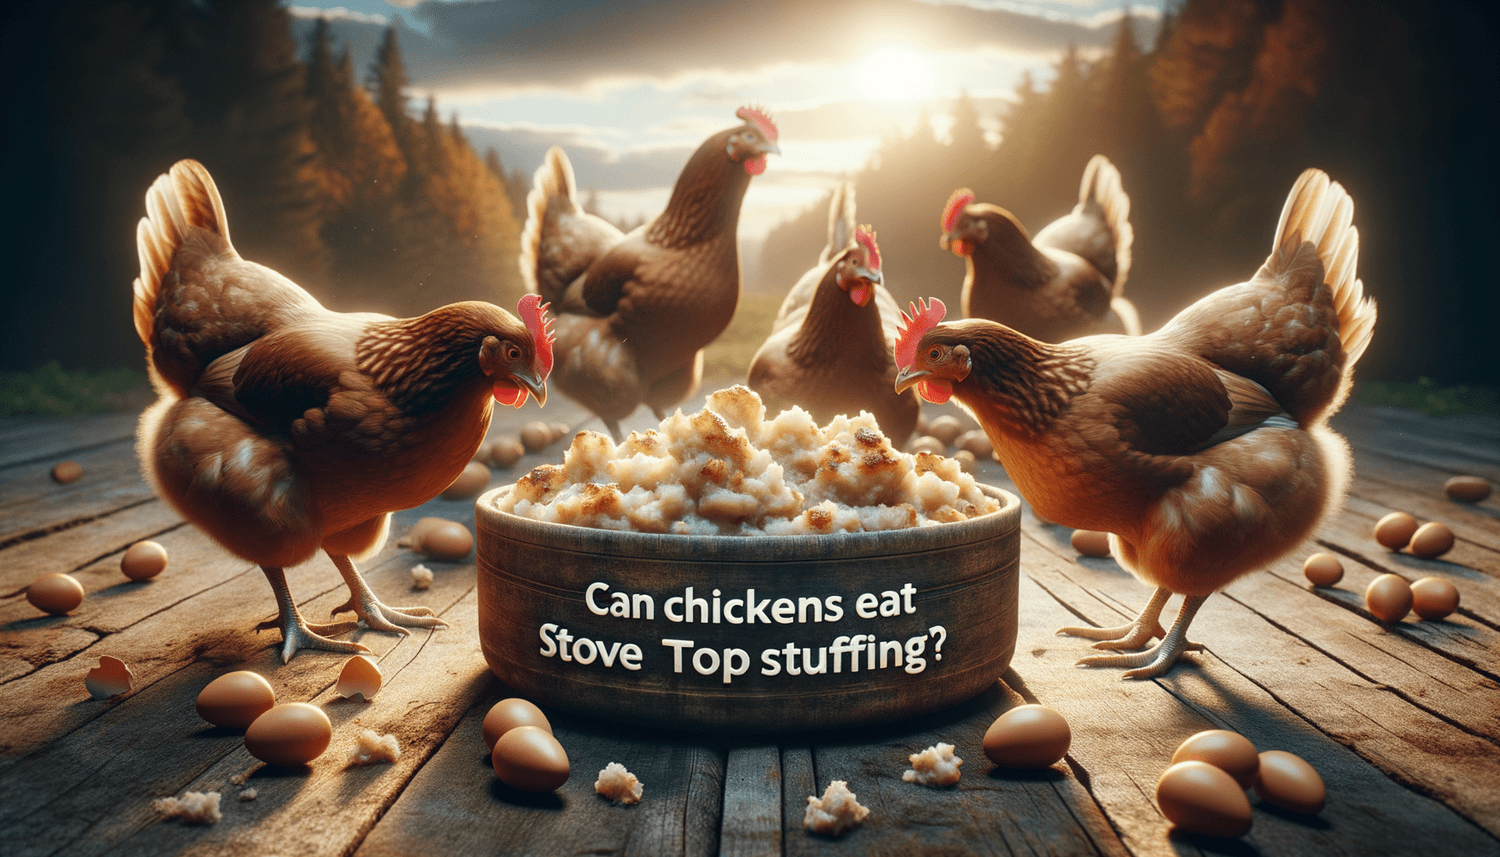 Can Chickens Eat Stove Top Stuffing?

○ ○ ○

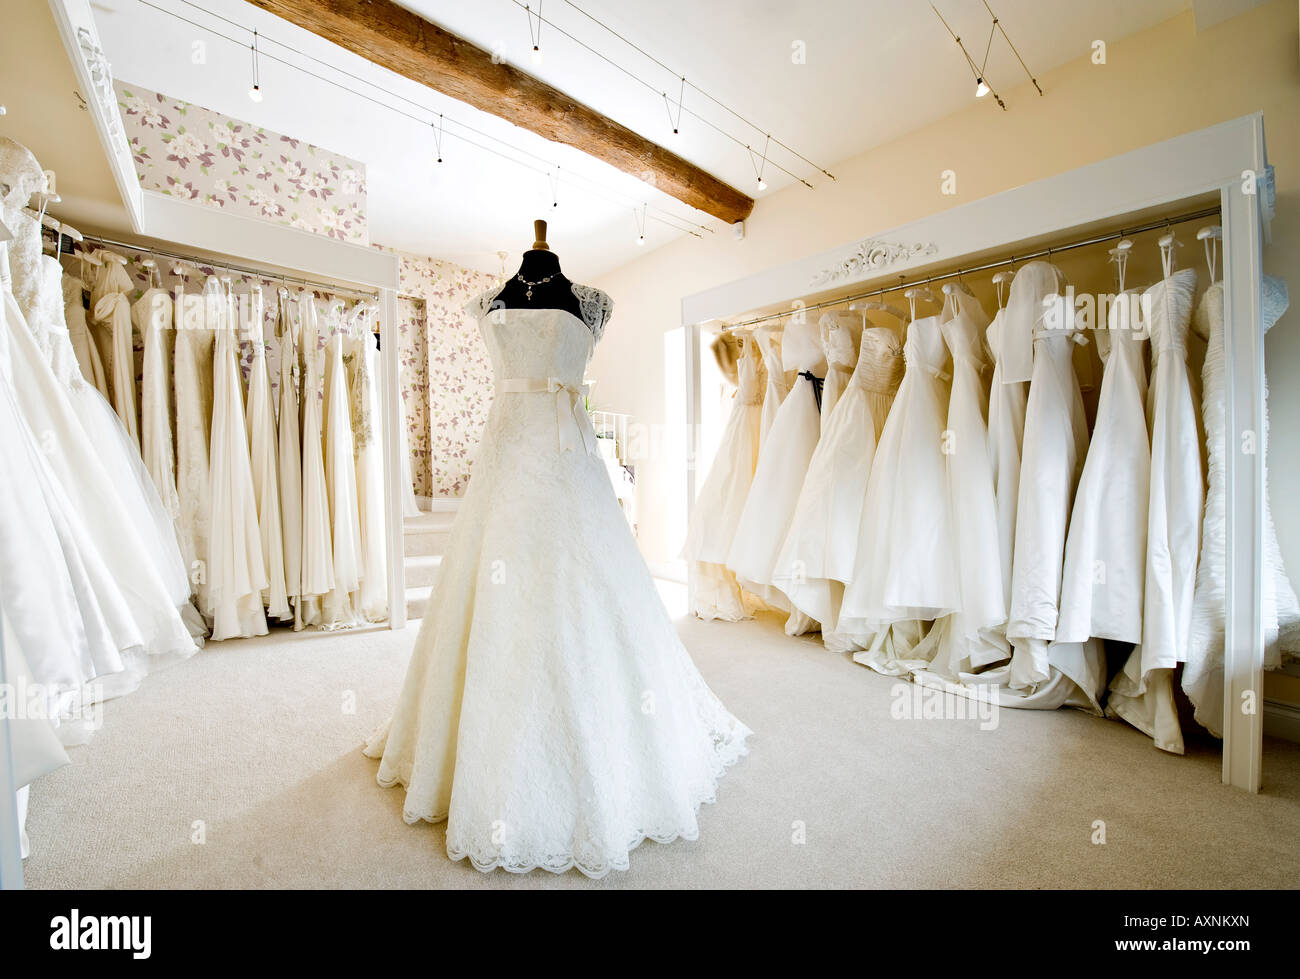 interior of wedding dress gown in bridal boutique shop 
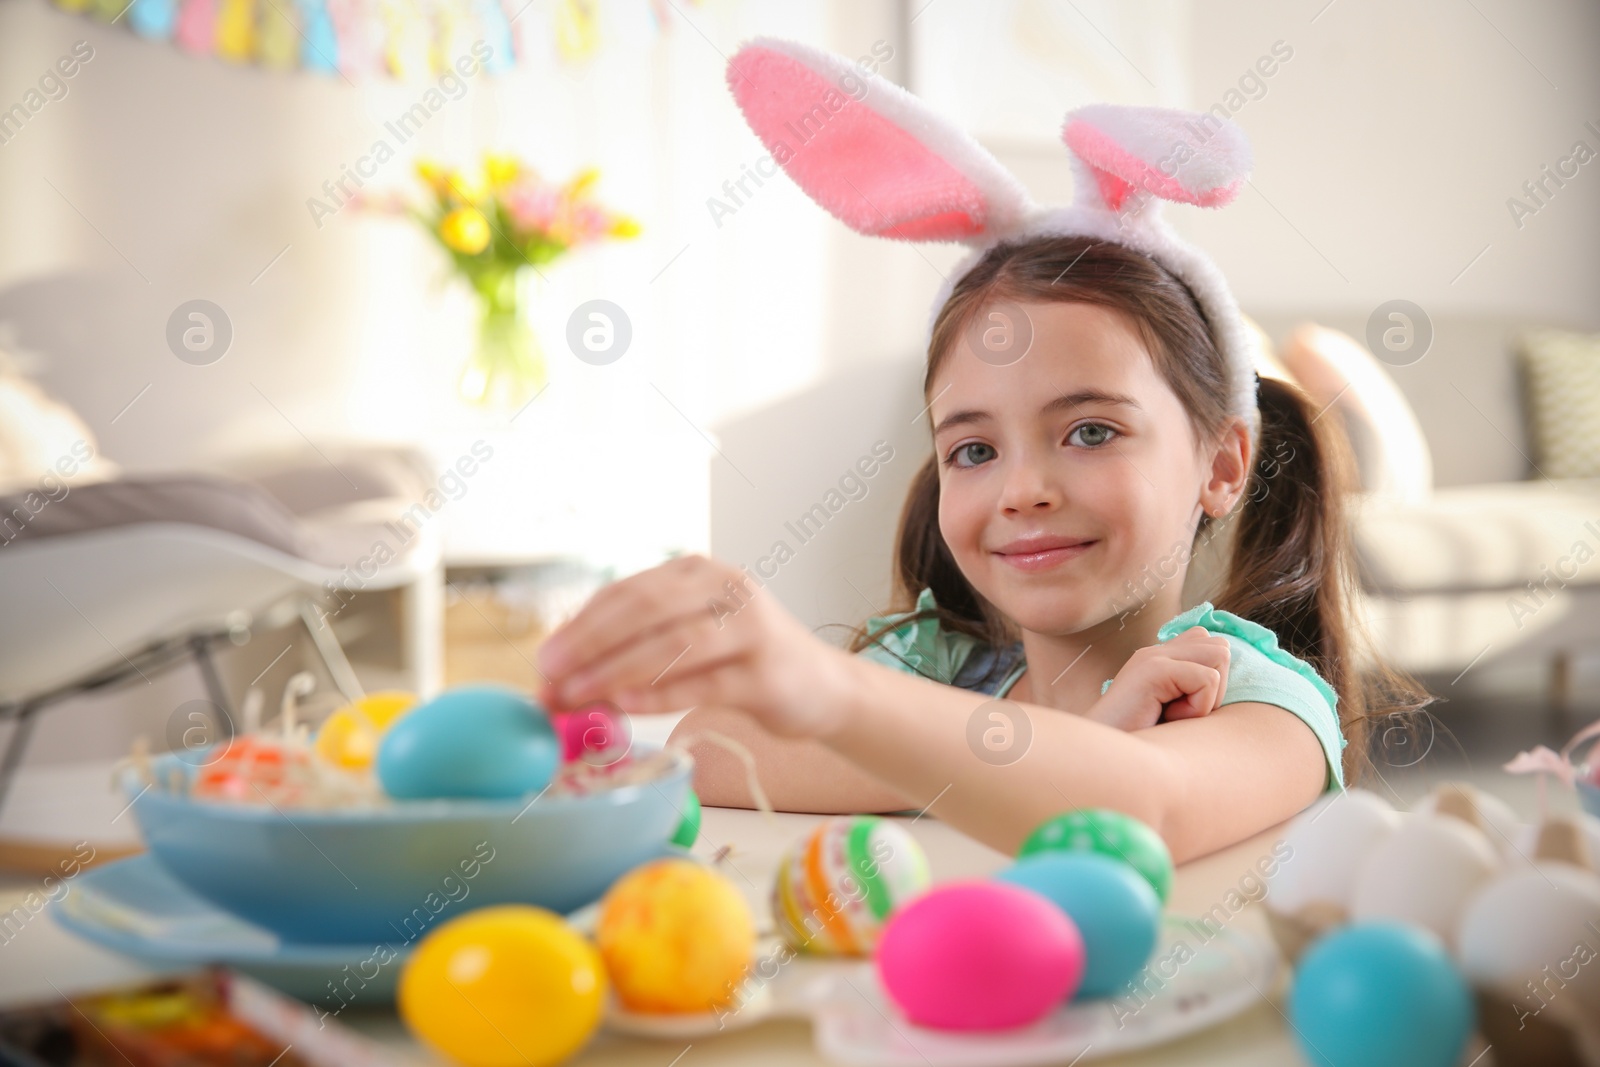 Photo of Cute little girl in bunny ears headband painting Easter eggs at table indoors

○ ○ ○

What you will do –
Print the part of the listing above that opens with the line containing "interior of wedding" and closes with the line containing "Photo of Cute". Copy it exactly, both ends included, and omit the pictures.

Solved problem –
 interior of wedding dress gown in bridal boutique shop 
 Photo of Cute little girl in bunny ears headband painting Easter eggs at table indoors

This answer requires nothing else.